* PROVIDED DATA *
##########
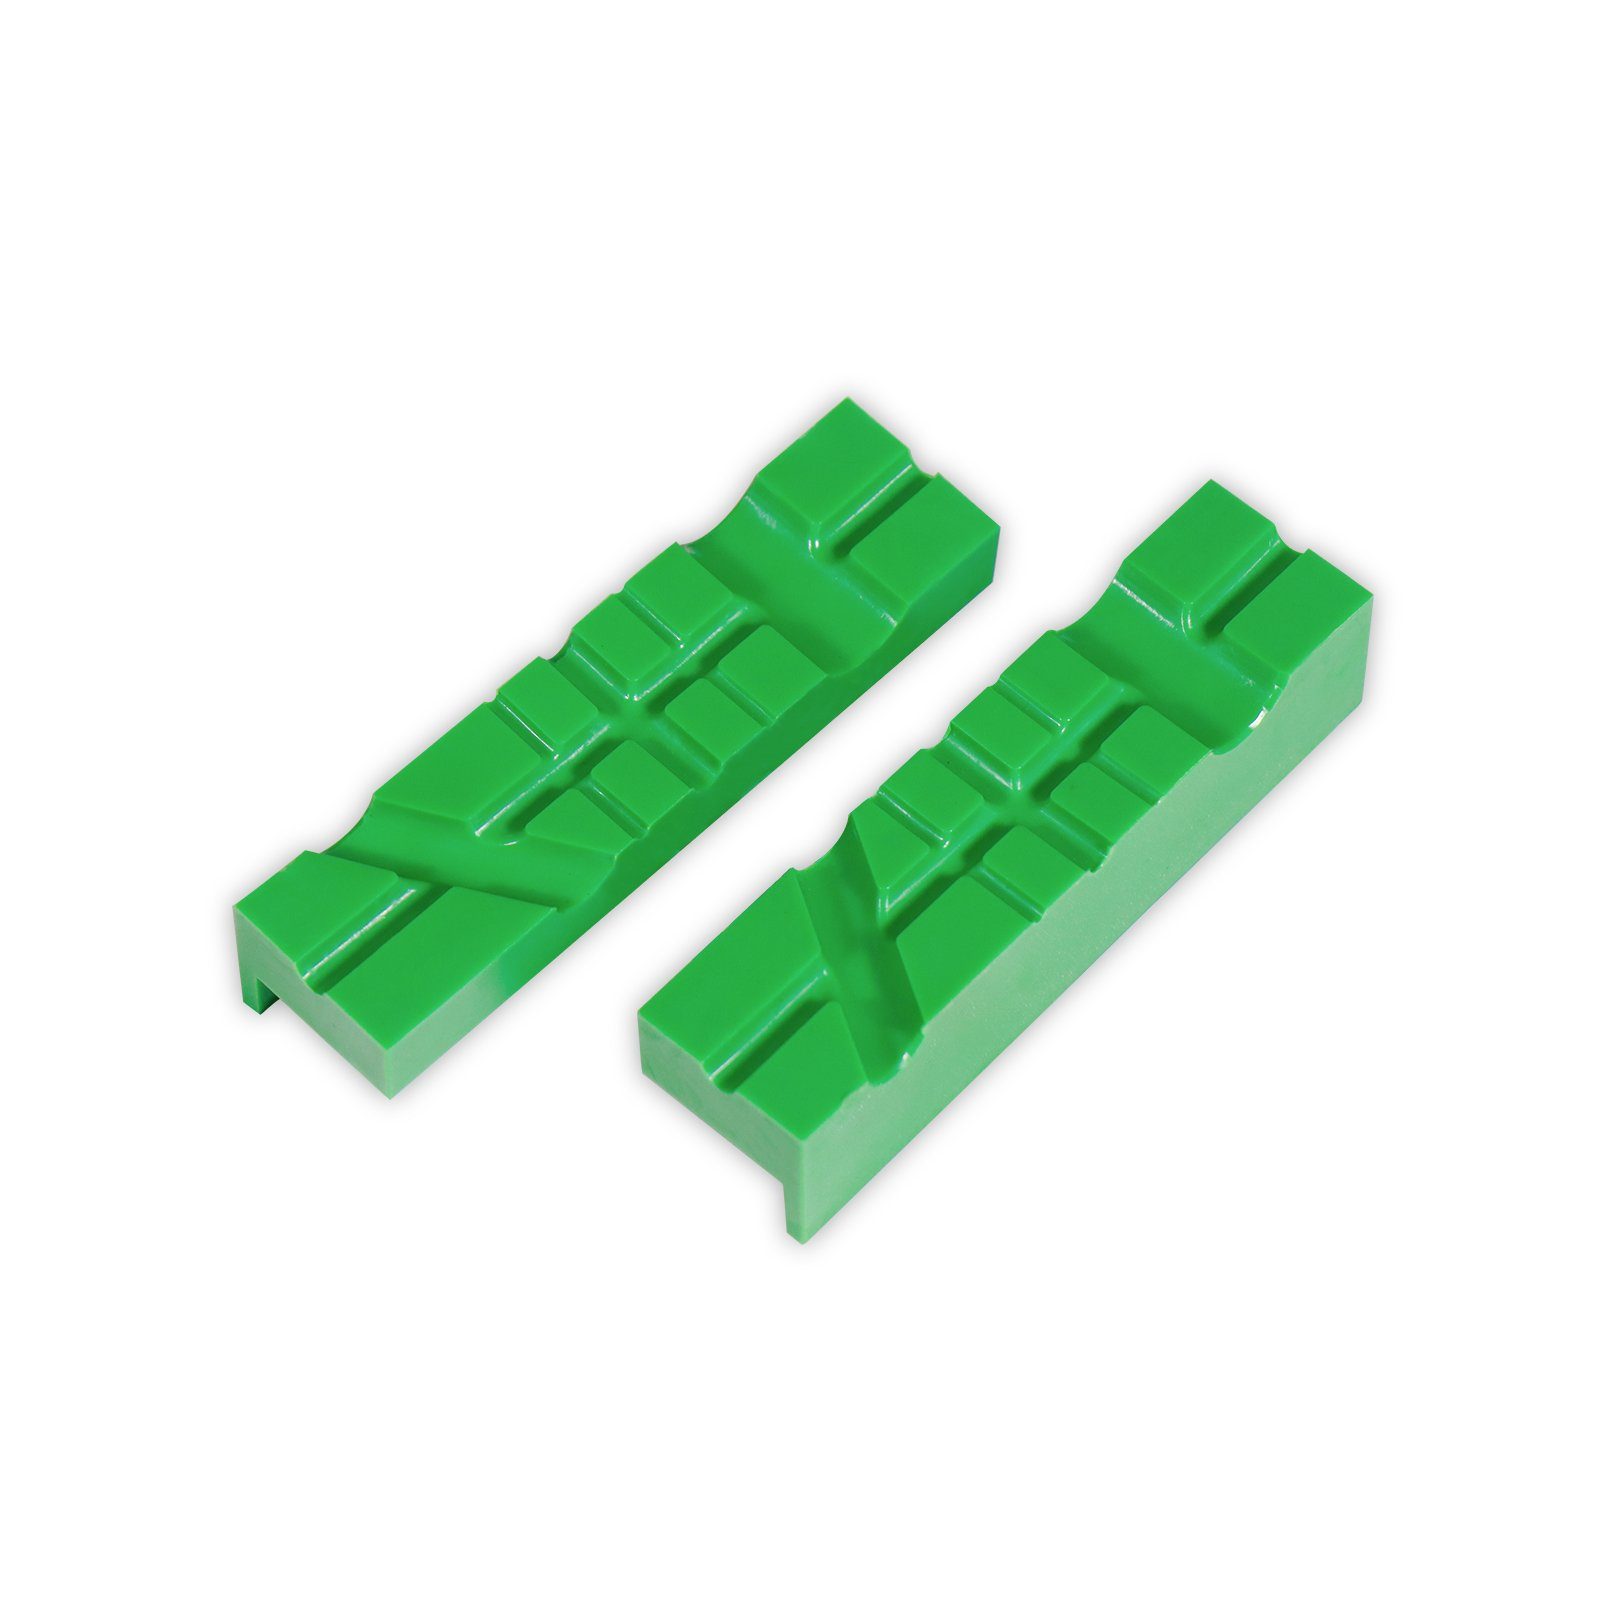 CCLIFE Schraubstock 2 tlg Schraubstock-Schutzbacken Breite 110mm / 150mm mit Magnet grün | Schraubstöcke
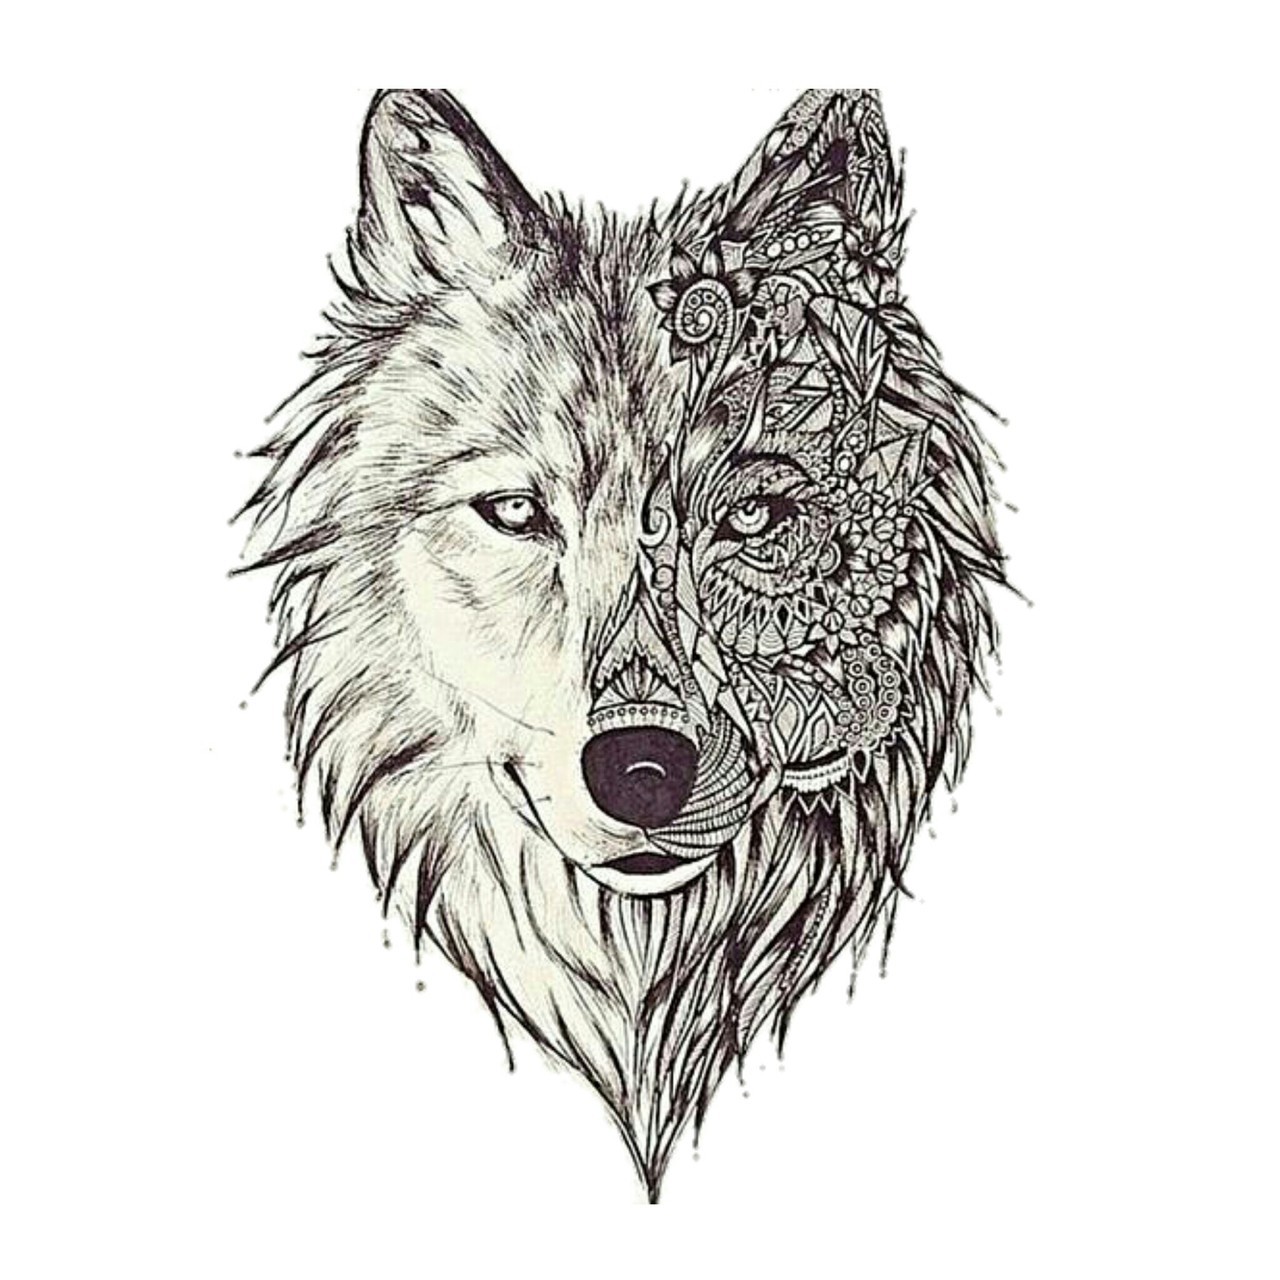 Wolf, Art, And Drawing Image - Wolf Pattern Tattoo - HD Wallpaper 
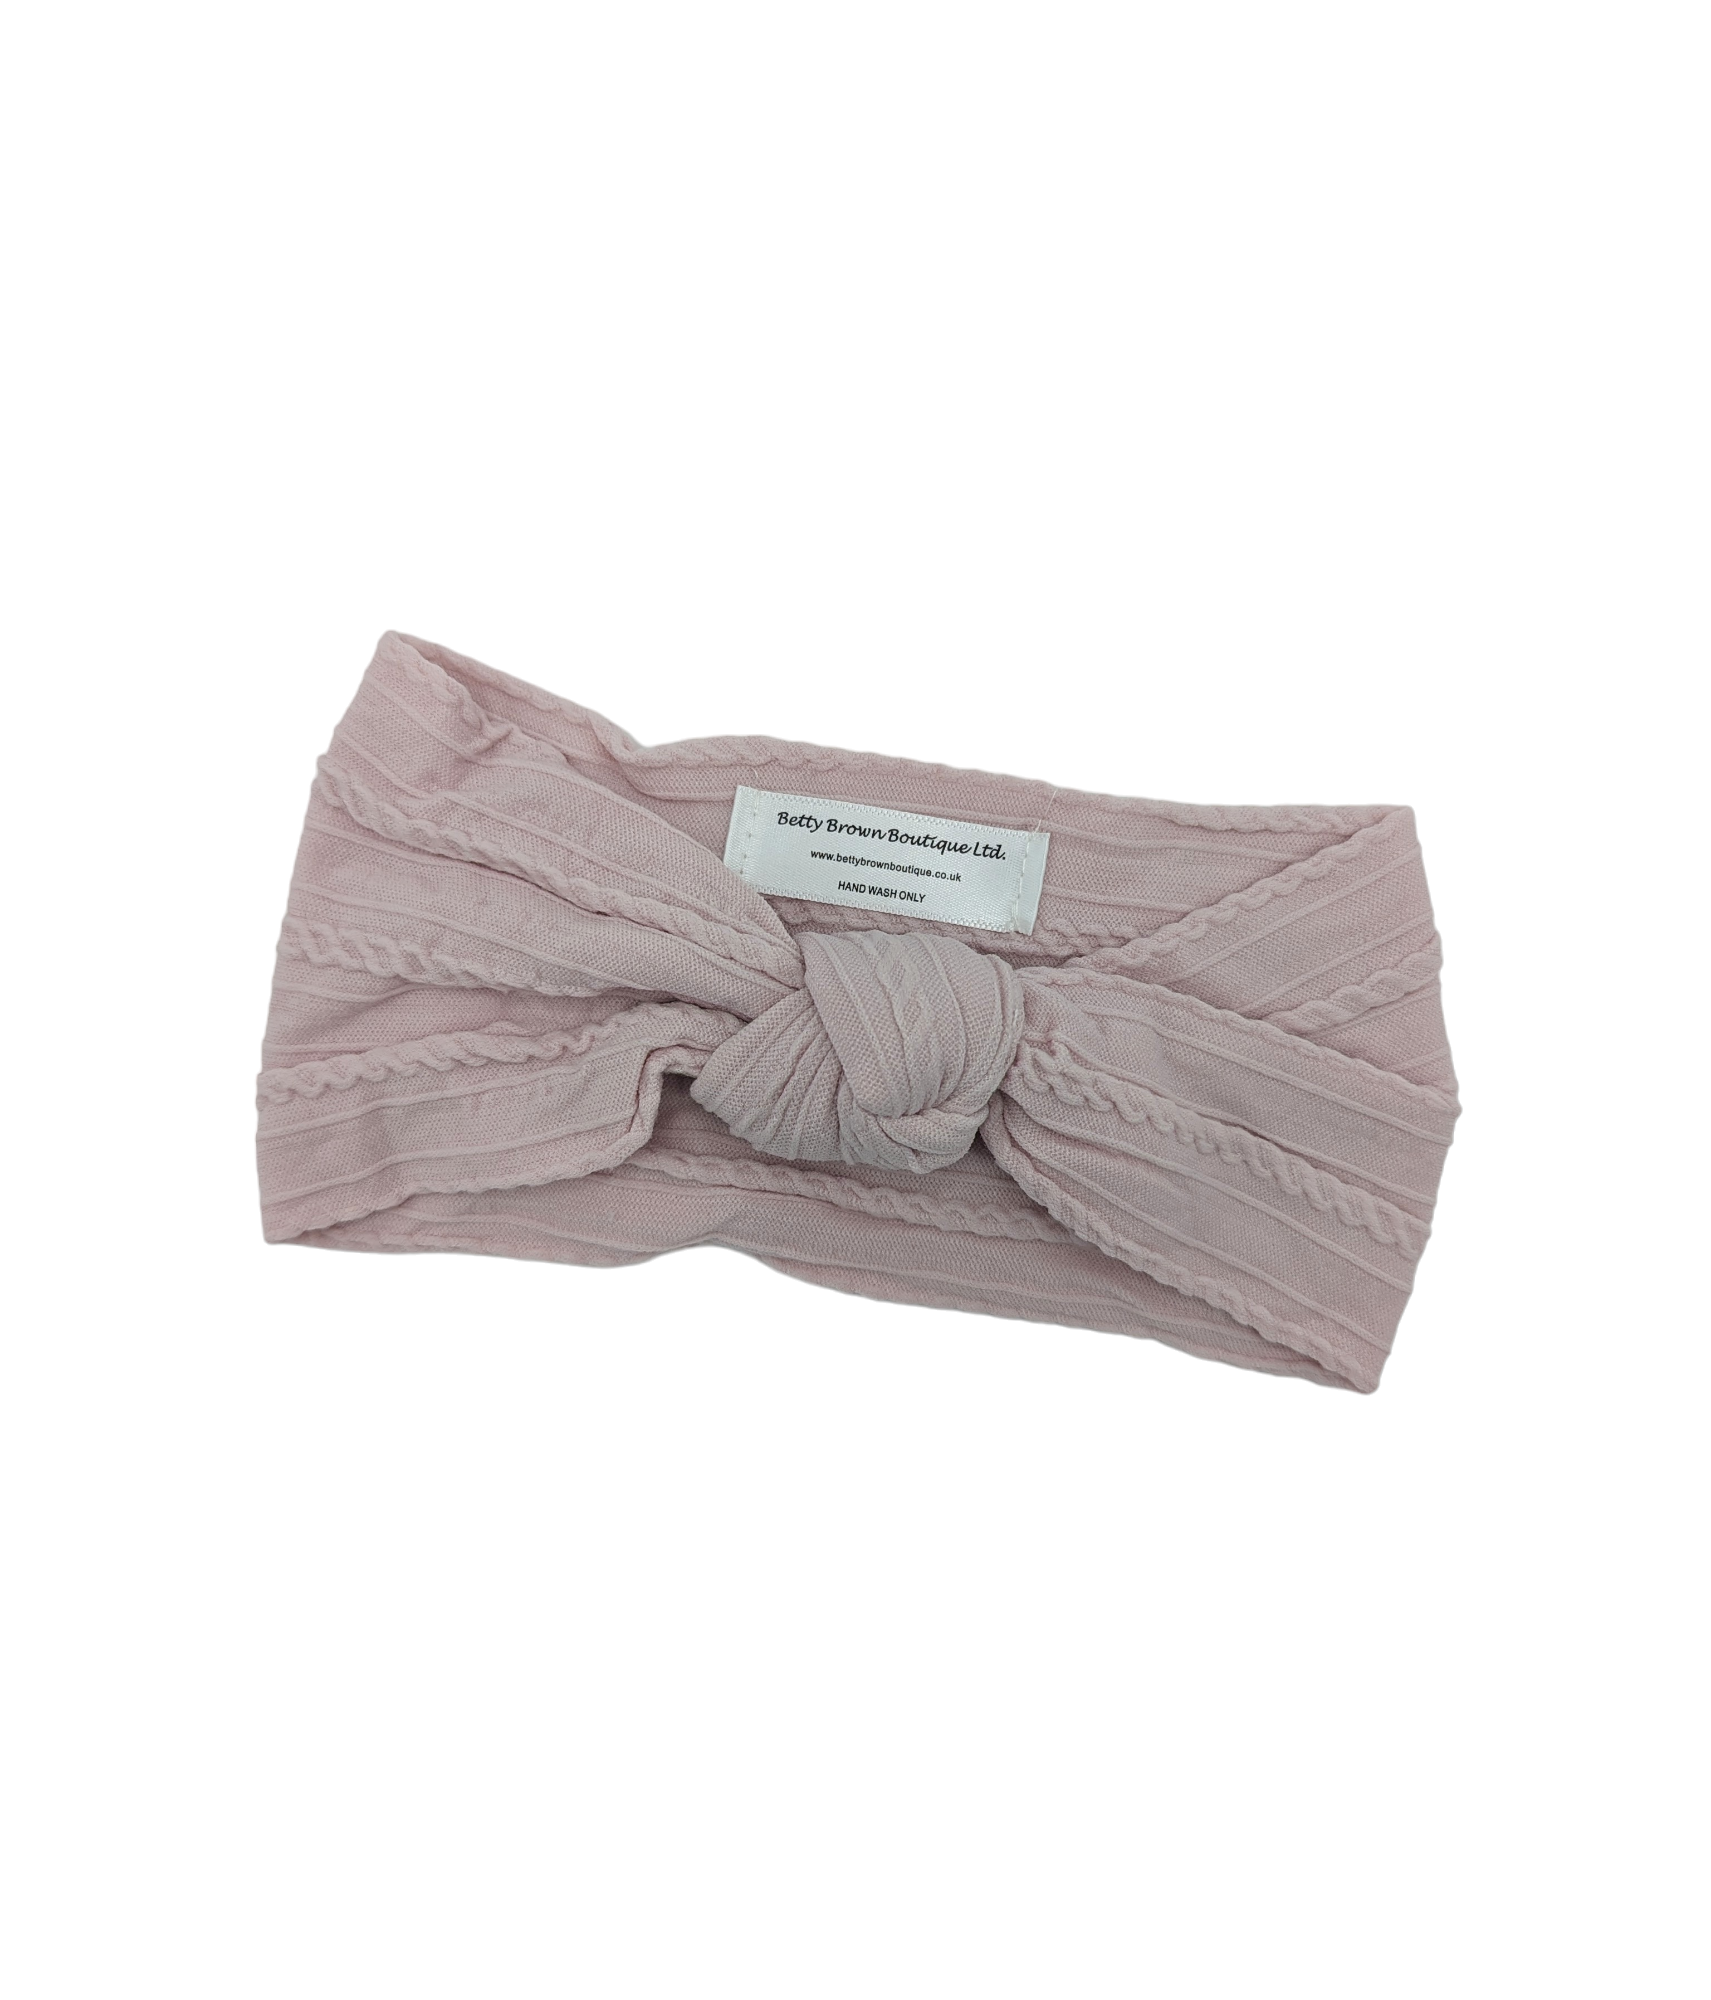 Pale Mauve Cable Knit Knot Headwrap - Betty Brown Boutique Ltd
##########
* EXERCISE DIRECTIONS *
Give the data again exactly. Keep the images out.

* SOLUTION *
 CCLIFE Schraubstock 2 tlg Schraubstock-Schutzbacken Breite 110mm / 150mm mit Magnet grün | Schraubstöcke
 Wolf, Art, And Drawing Image - Wolf Pattern Tattoo - HD Wallpaper 
 Pale Mauve Cable Knit Knot Headwrap - Betty Brown Boutique Ltd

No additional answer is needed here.